# Requirement
Transcribe the listing exactly, so that nothing but the pictures is missing.

# Dataset excerpt
BEGIN

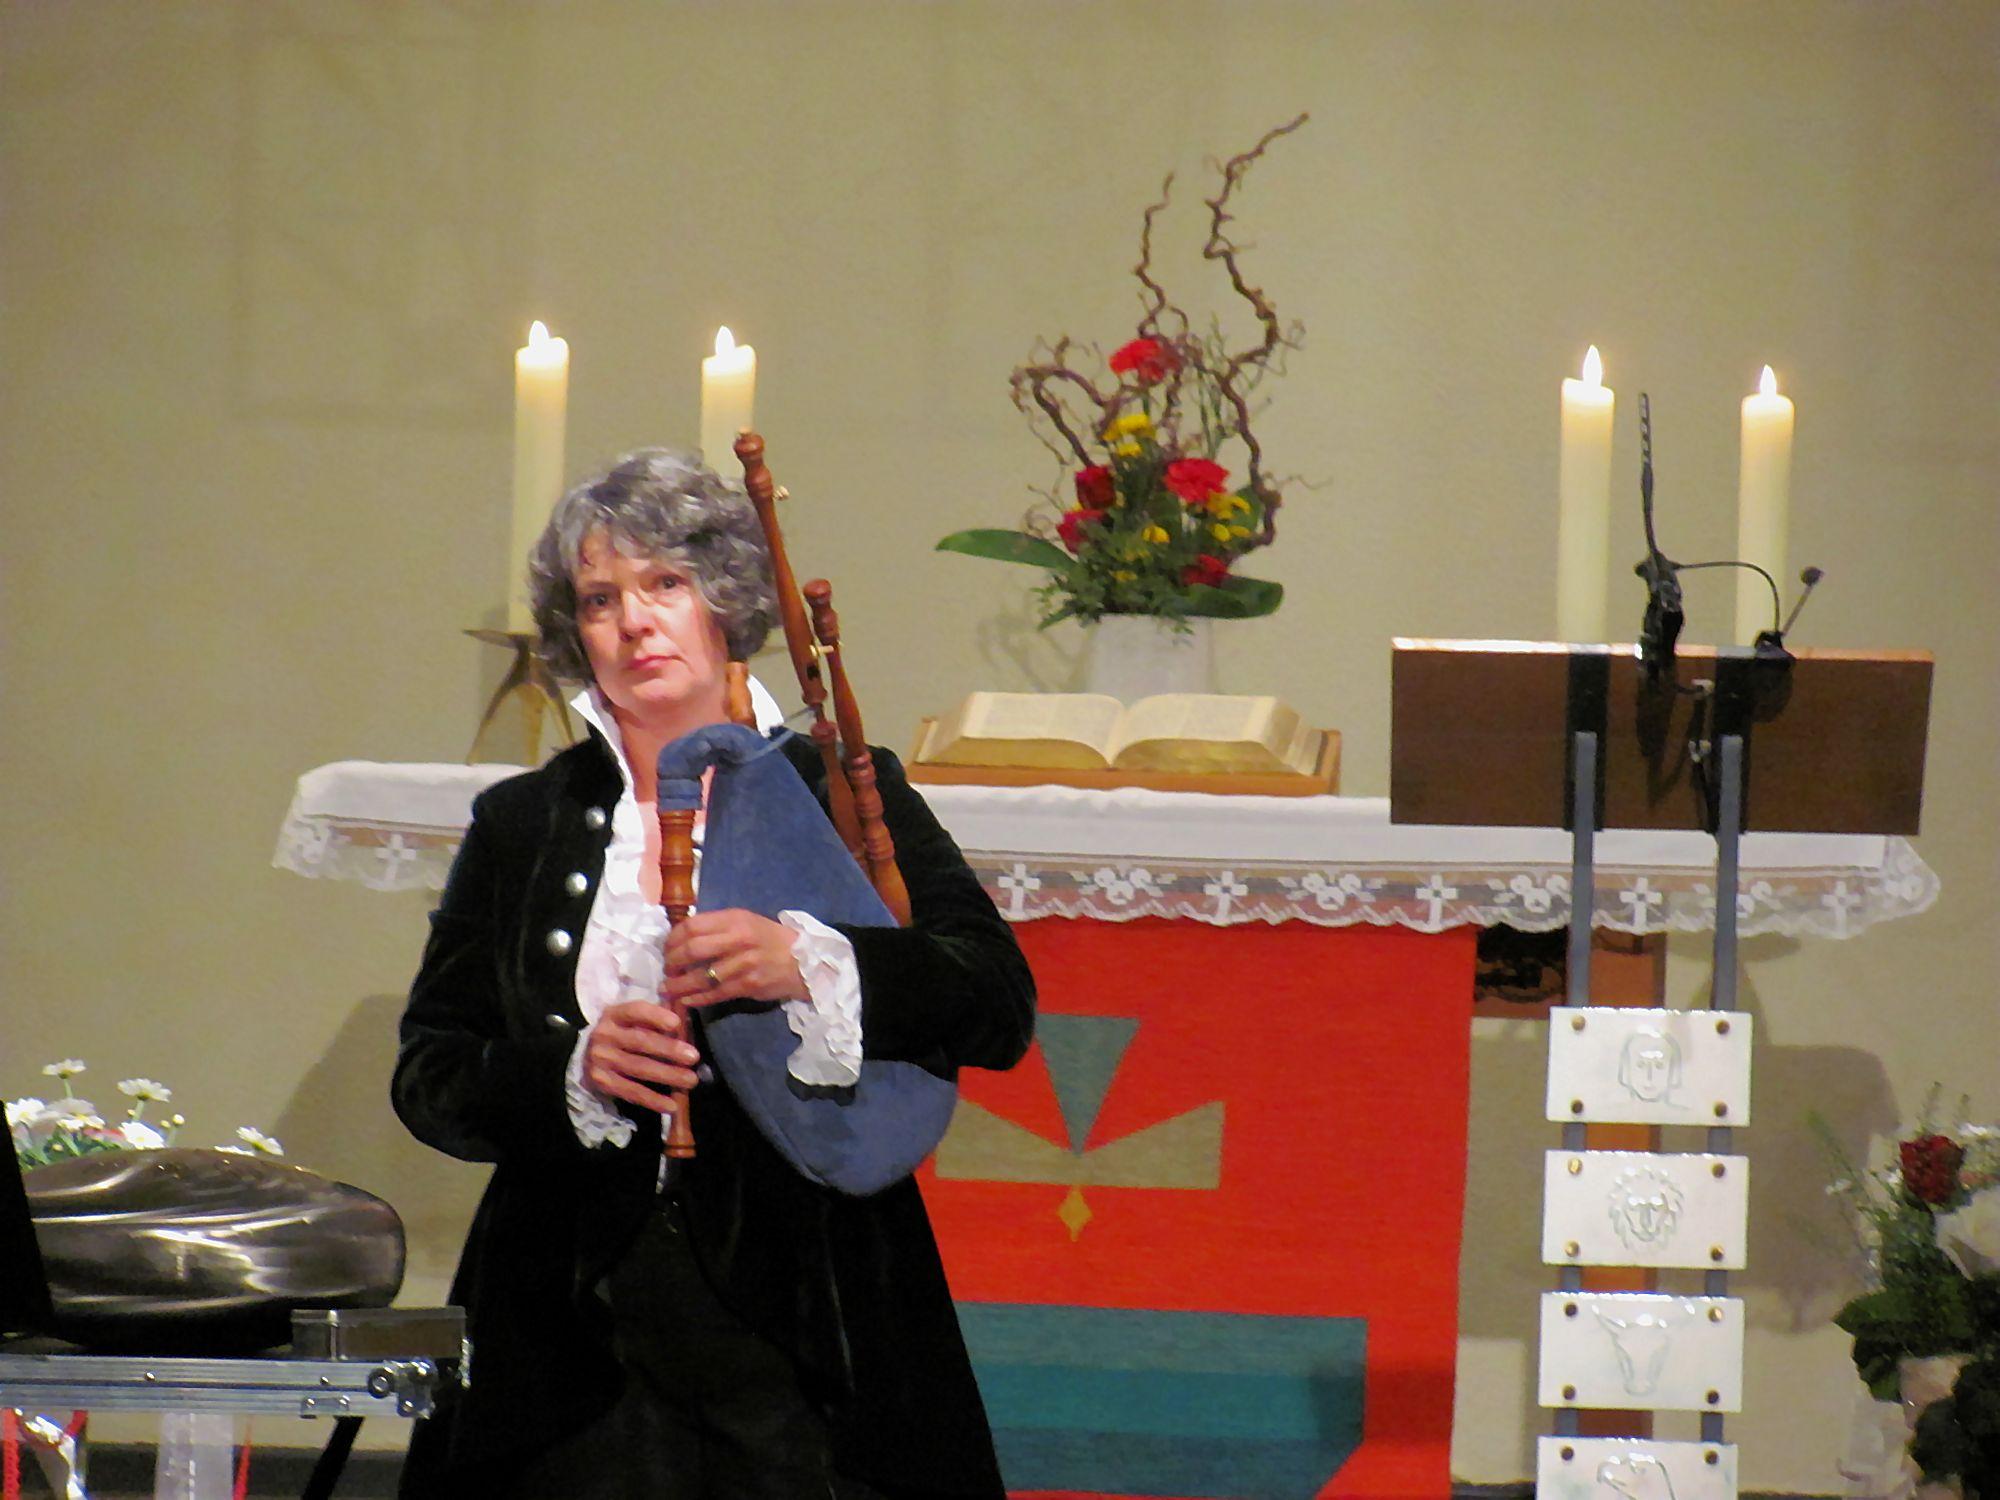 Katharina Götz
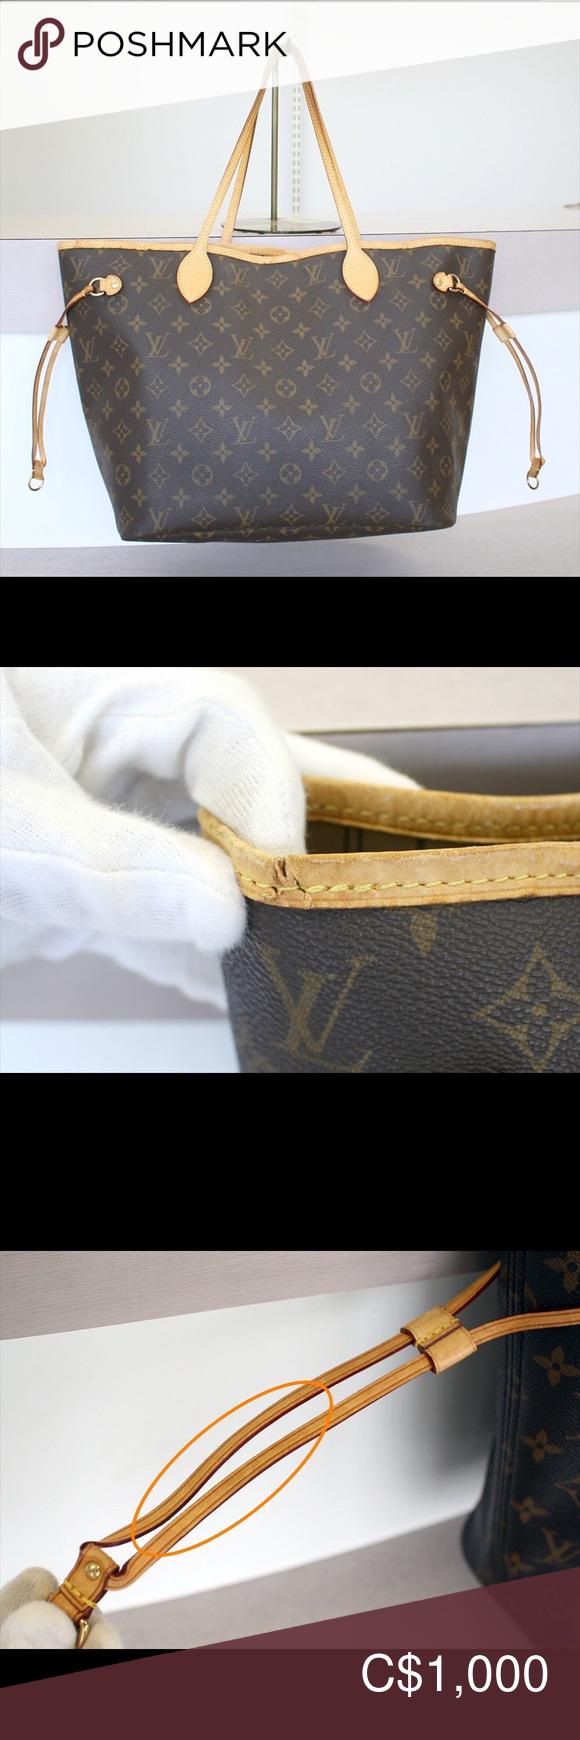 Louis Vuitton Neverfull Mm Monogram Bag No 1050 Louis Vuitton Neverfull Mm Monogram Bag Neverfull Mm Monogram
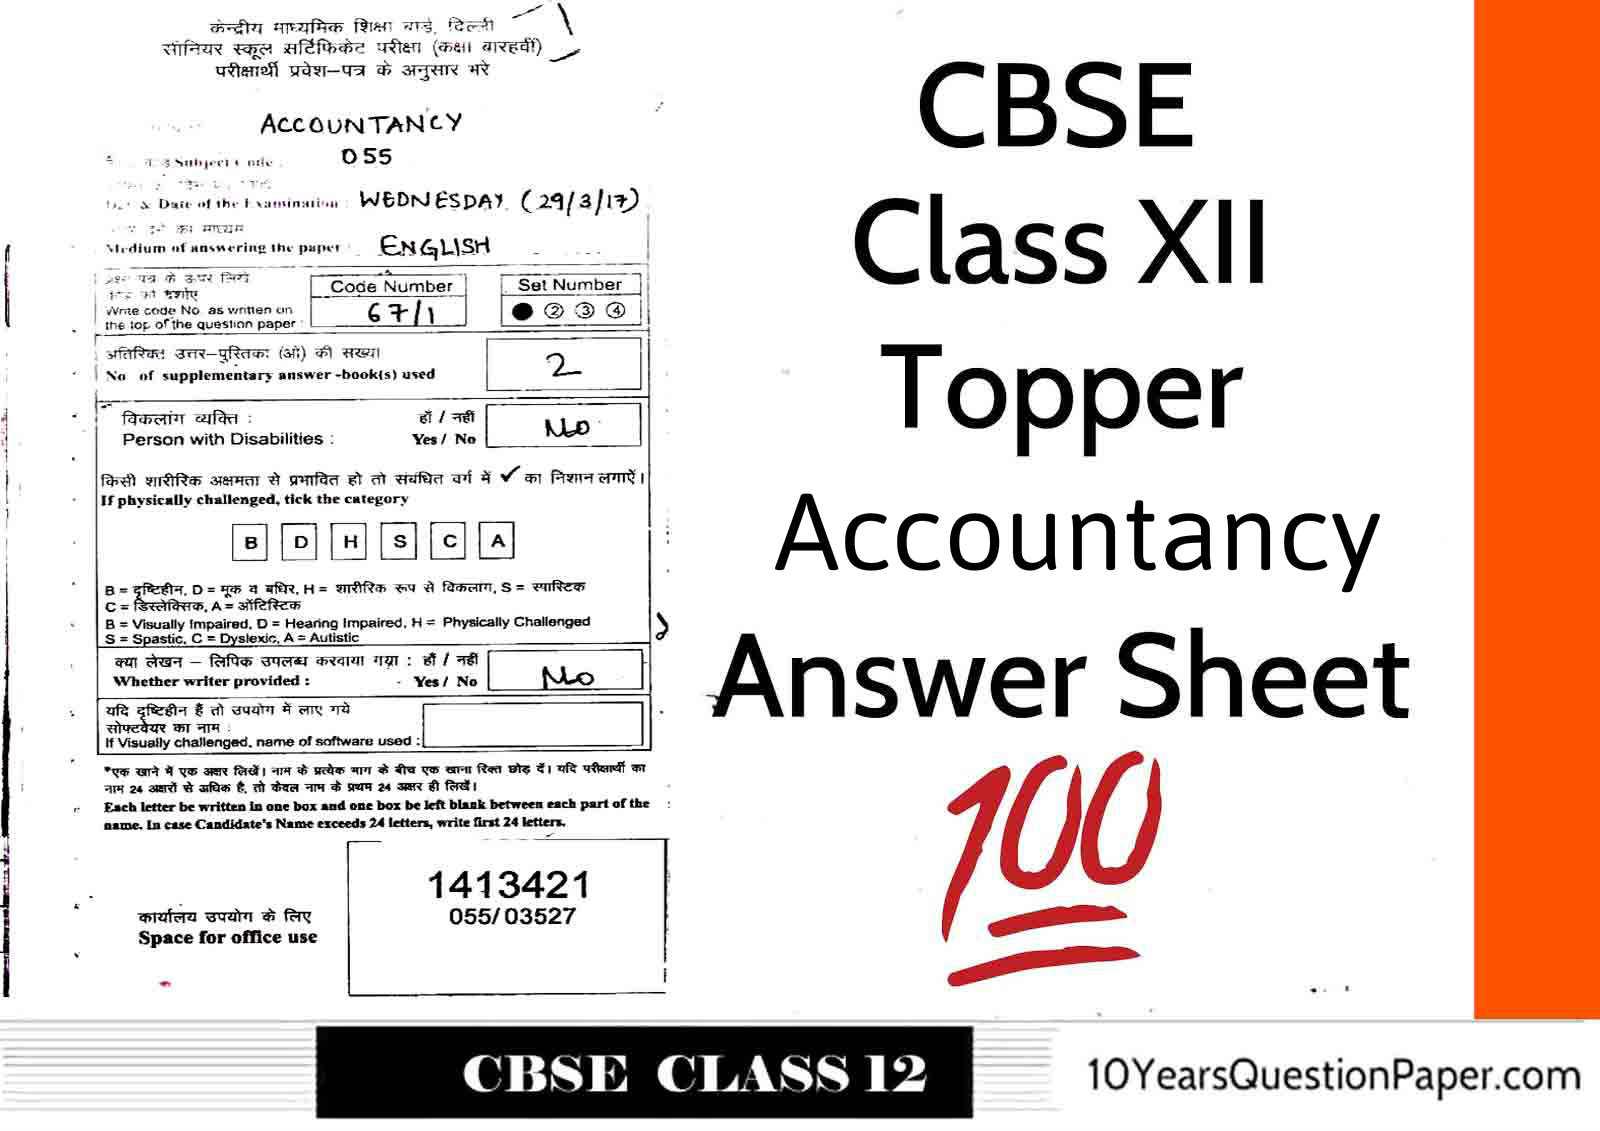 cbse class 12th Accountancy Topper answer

END

# Exercise response
 Katharina Götz
 Louis Vuitton Neverfull Mm Monogram Bag No 1050 Louis Vuitton Neverfull Mm Monogram Bag Neverfull Mm Monogram
 cbse class 12th Accountancy Topper answer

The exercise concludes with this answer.